Philosophy attempts to do the impossible. It attempts to visualize the invisible, to formalize or pattern or imagine the unimaginable source of vision, forms, and images. It does this in continuity with all philosophical attempts, past and present, East and West, in order to solve the problems that we are having here and now.
Therefore philosophy, even mine which I discover in the phenomenological, pragmatic, Zen traditions, is never fully understandable. Philosophy is always correctable because the problems change. The formulations of our issues emerge from that unformulated, ineffable, biased stance we are taking in our universe and which the universe is taking with us.

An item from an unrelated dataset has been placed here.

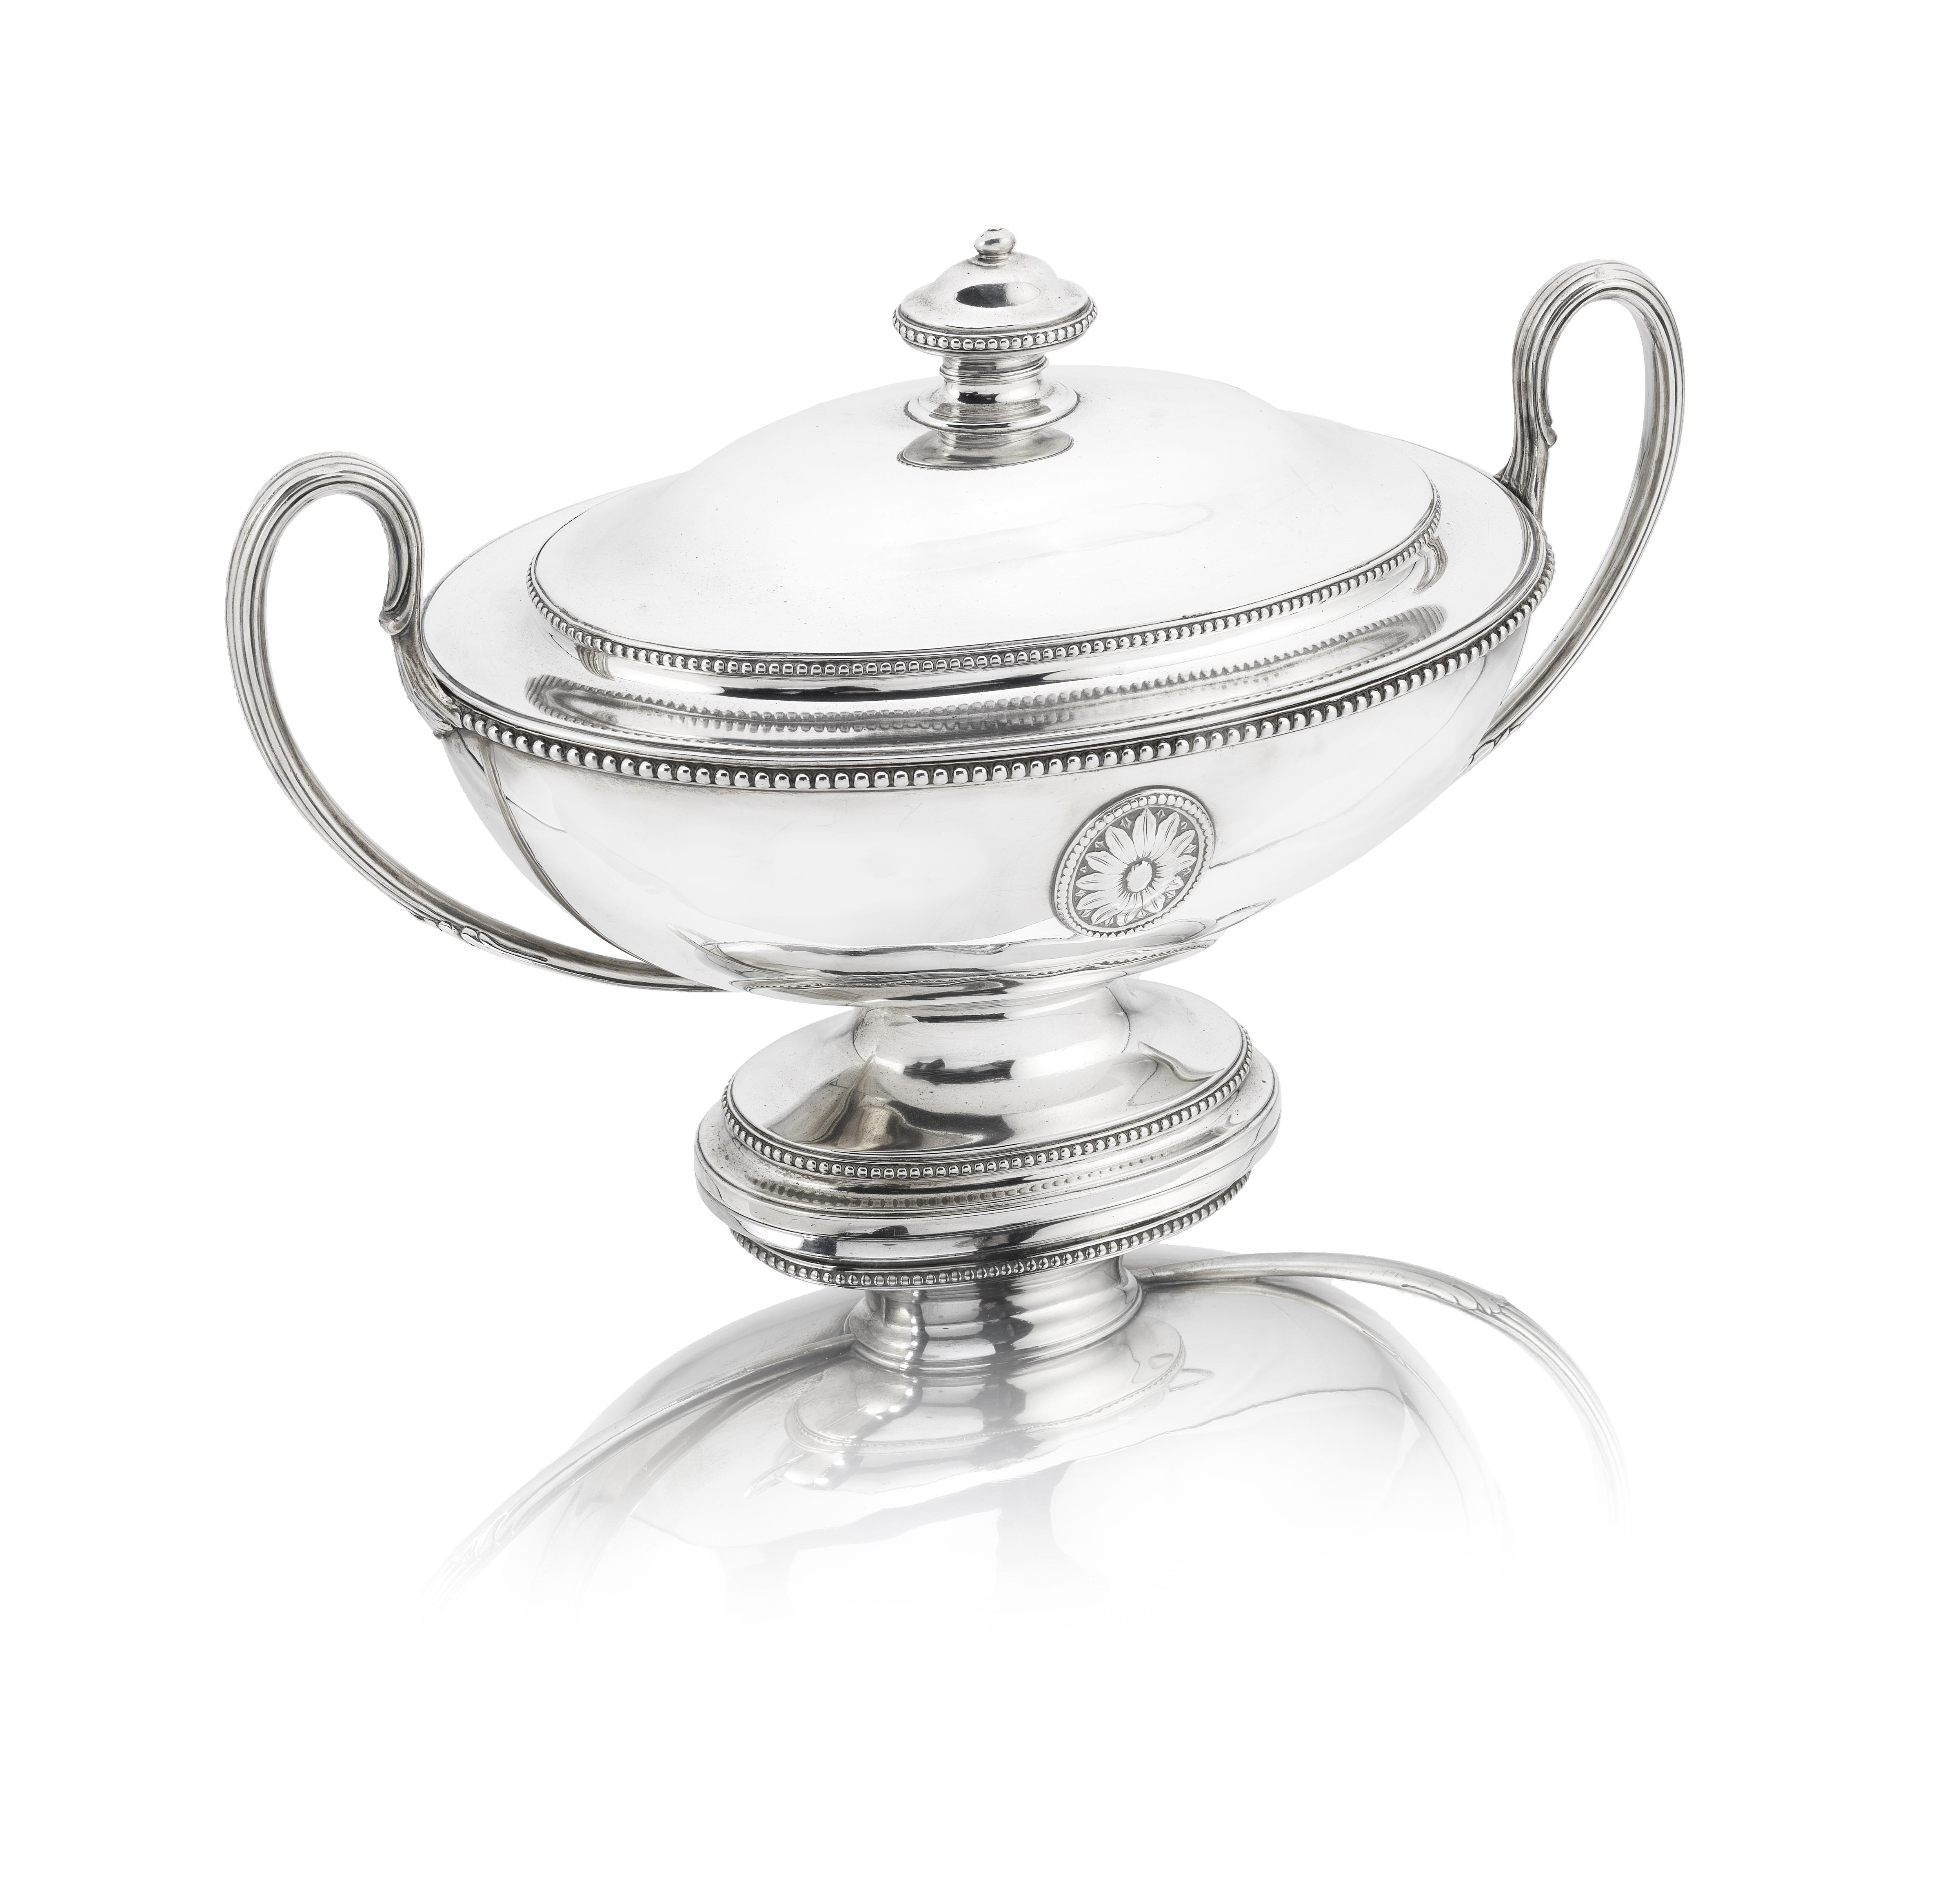 Lot 56 - A George III silver soup tureen Thomas Heming, London 1777

Our words, formulas, images, knowledge will always be corrigible.
And it is so with a masterpiece like this film which uses scientific images (multiverses of string theory and quantum mechanical probability theory), humor, family tensions, music, and technologies so masterly contexed to our early 21st century condition.

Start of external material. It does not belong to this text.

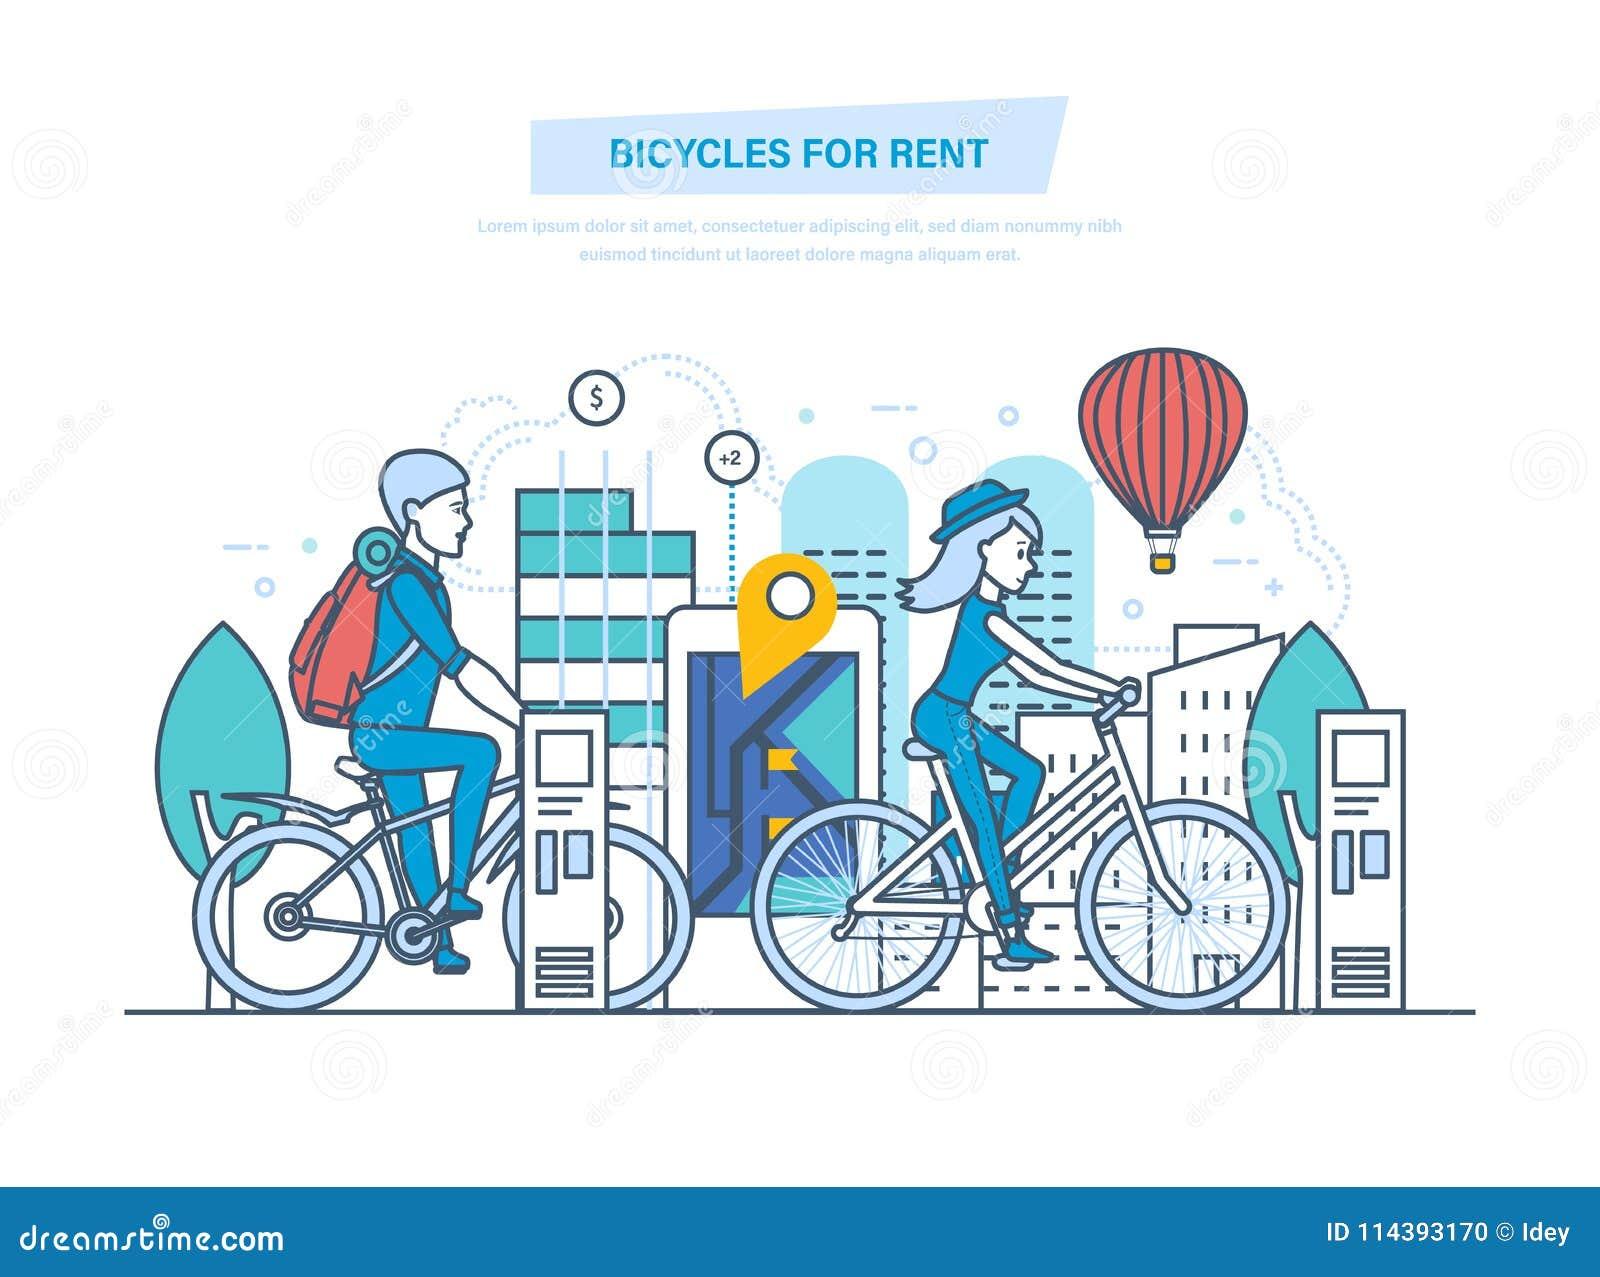 mobile bike rental business

William James in Varieties of Religious Experience asked us to notice that, as things appear to us in our streaming consciousness, we notice by naming them often at the direction of our caregiver. We use them, question them, get to know what they can do for us, what other things they are related to in our focus and attention out into our environment. That is the base of knowing our world.
But removing my/our gaze and attention away from those things (or what in Latin we call res or realities) to the base and the beyond and condition of those appearances and the naming of those realities do not appear or, better, appear as silence, invisible, nothing, open unfulfilled consciousness. I am experiencing the pre-expressed, pre-objective awareness of my Self and all other selves in the very act of naming, questioning, describing, and understanding those realities in the world. I encounter and live my own creative acts enjoined to the creative acts of all others in the world.

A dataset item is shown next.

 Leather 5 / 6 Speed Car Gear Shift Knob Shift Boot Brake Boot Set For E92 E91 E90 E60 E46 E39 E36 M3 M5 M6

We are growing in consciousness by reading, writing, studying, conversing, playing, and laughing with each other. Then we returning to and approach a universal consciousness in all its potential and possibilities at the base and beyond all that we produce and see. I do not deny that “base and beyond” here and now that I cannot name and affirm. I can only feel it by excluding all judgments, all things, all words and formulas by directing my attention from the figures I address in conscious acts to the groundin my personal and interpersonal consciousness to the realities of the present world. But when we shift from the problems that we encounter in the world, we shift to the mystery of the universe. We attempt to objectify what is not objectifiable. But the failure keeps us going.
At this point, my philosophy becomes theology using mythic, allegorical, negative language, and humor. My outward-bound pragmatic attitude to things, places, events, to solve problems in the visible world unveils an invisible realm of mystery, a search light into infinite darkness or as Star Trek says, “going to where no one has gone before.”
At this point of encounter with Being beyond beings (Heideggar), Transcendental Ego (Husserl), Mystery (Marcel), No-thing (John of the Cross), Pure Self without ego (Zen Buddhism), the “I-am” in the I-do (Judaism), we know that we do not know and we search in darkness.
Without understanding, we are joined to everything everywhere all at once.
[i] By pragmatism I mean the tradition of thinking and action of William James, John Dewey, Richard Rorty. By phenomenology, I mean the tradition of Edmund Husserl, Martin Heiddegar, Maurice-Merleau Ponty, Michel Henry. Both traditions are considered postmodern in that they worked to solve the dualistic legacy of Descartes: Body/soul, material/spiritual, real/relative, secular/religious, science/religion. But I prefer to consider them transmodern since they build on many enlightenment insights of modernity — including science. And they are continuous with the whole Western philosophic tradition while adopting many insights from the East. And like Zen Buddhist philosophy, the transcendence is in the presence, the here-now-with, not in transcendents (places, persons, times, things).